На худой конец, еще можно было смириться с тем, что душа народа оказалась в плену ложной истины, что народ-богоносец стал, таким образом, апостолом не Христа, но Антихриста.
Это предположение было, конечно, ужасно. Но оно даже сравниться не могло с другим, неизмеримо более ужасным предположением, состоящим в том, что народу-богоносцу равно наплевать и на Христа и на Антихриста. На то, что есть Истина, а что — Ложь.
Предположить, что народу все это вообще, как говорится, до лампочки, ни один уважающий себя русский интеллигент не смел. Ведь это означало бы, что русский народ перестал быть великим народом и превратился (вот ужас-то!) в «этнографический материал»!

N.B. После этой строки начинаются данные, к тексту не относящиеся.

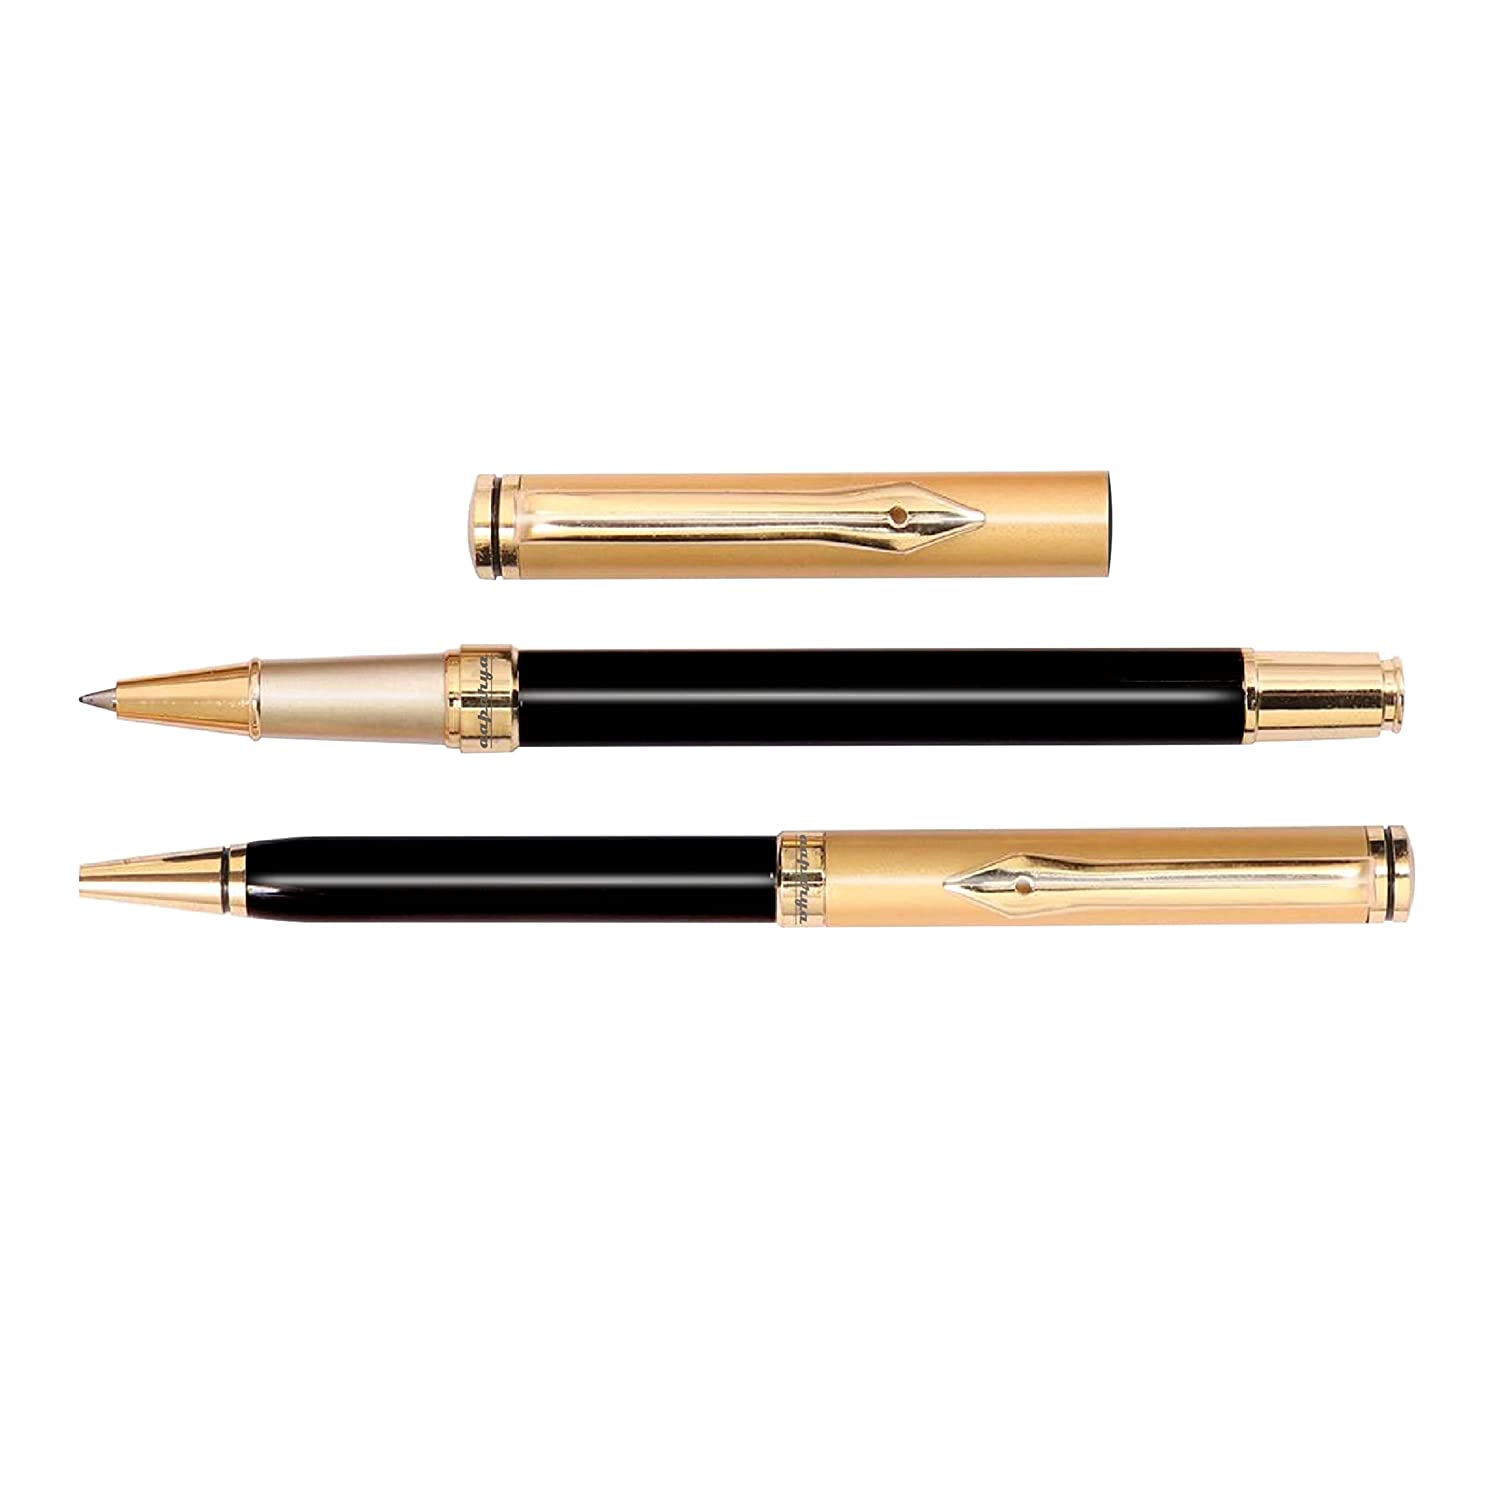 Aaparya Premium Pair of Ball Pen & Roller Pen, APVivo Gold & Black Full Brass Slim Body Luxury Pen with Genuine Leather Cover for Gift
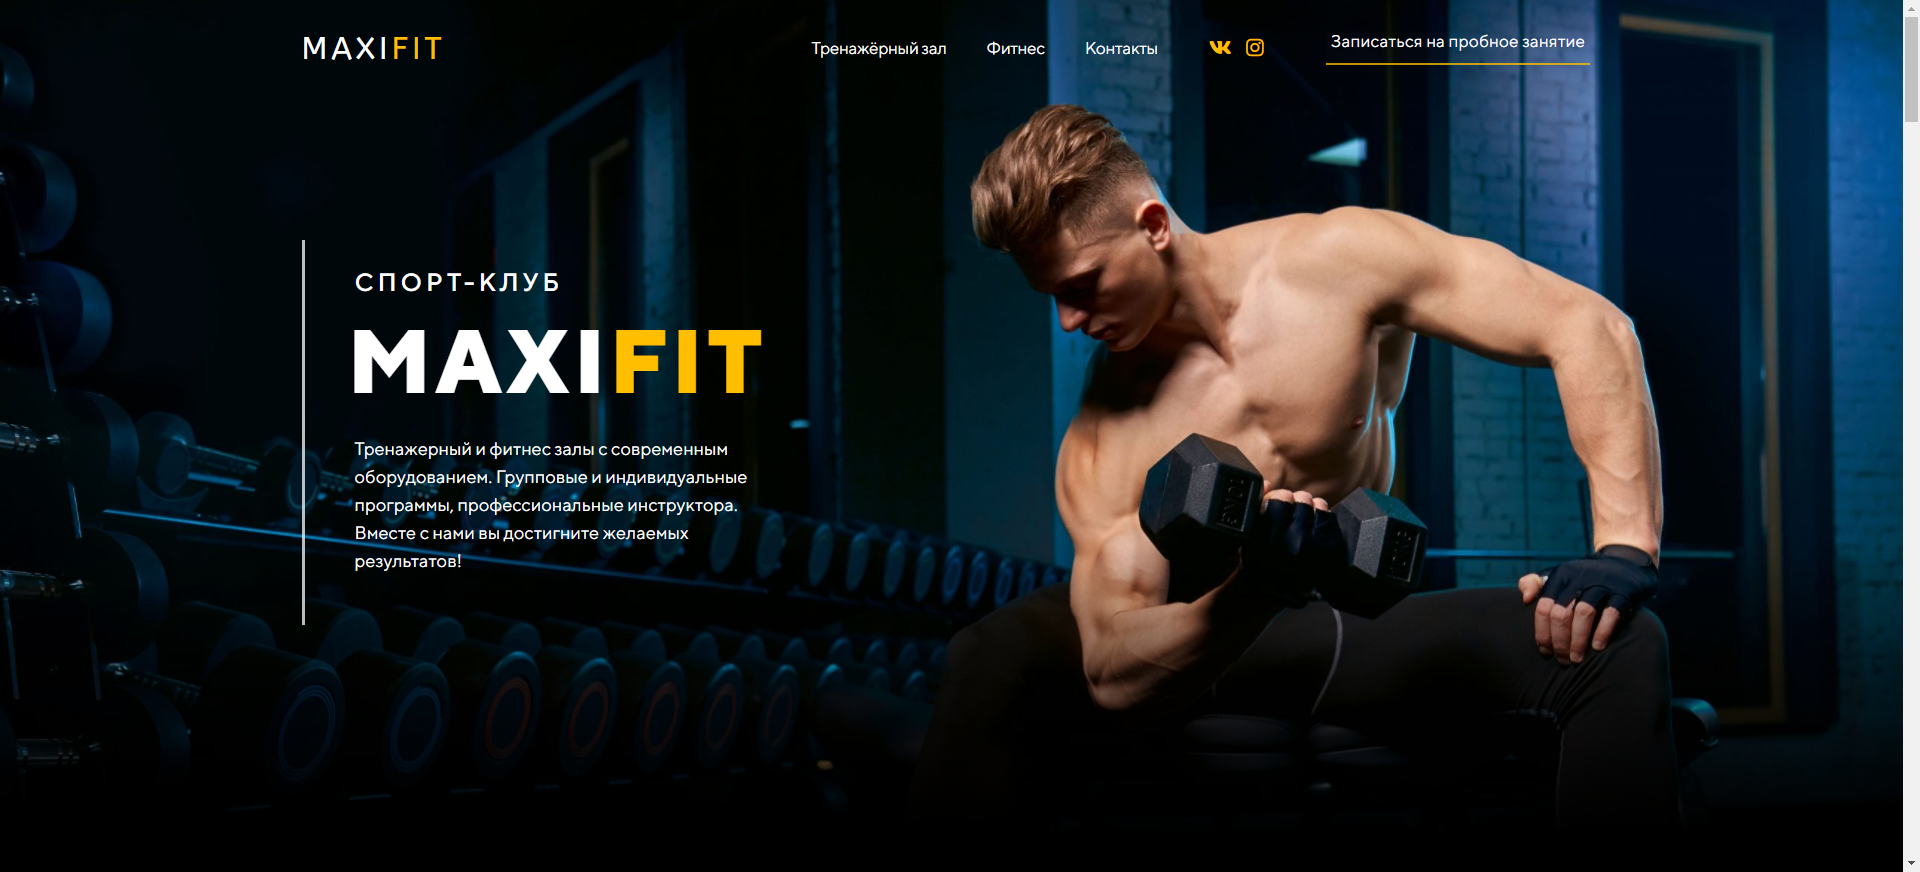 MAXIFIT — Тренажерный и фитнес залы с современным оборудованием

Михаил Зощенко был единственным русским писателем, решившимся исходить именно из этого простого предположения.
Этнически и социально герой Зощенко ни от героев «Двенадцати» Блока, ни, скажем, от бабелевского Акинфиева не отличается. Даже уникальным, неповторимым языком своим он им предельно близок.
Но мировосприятием своим он отличается от них кардинально.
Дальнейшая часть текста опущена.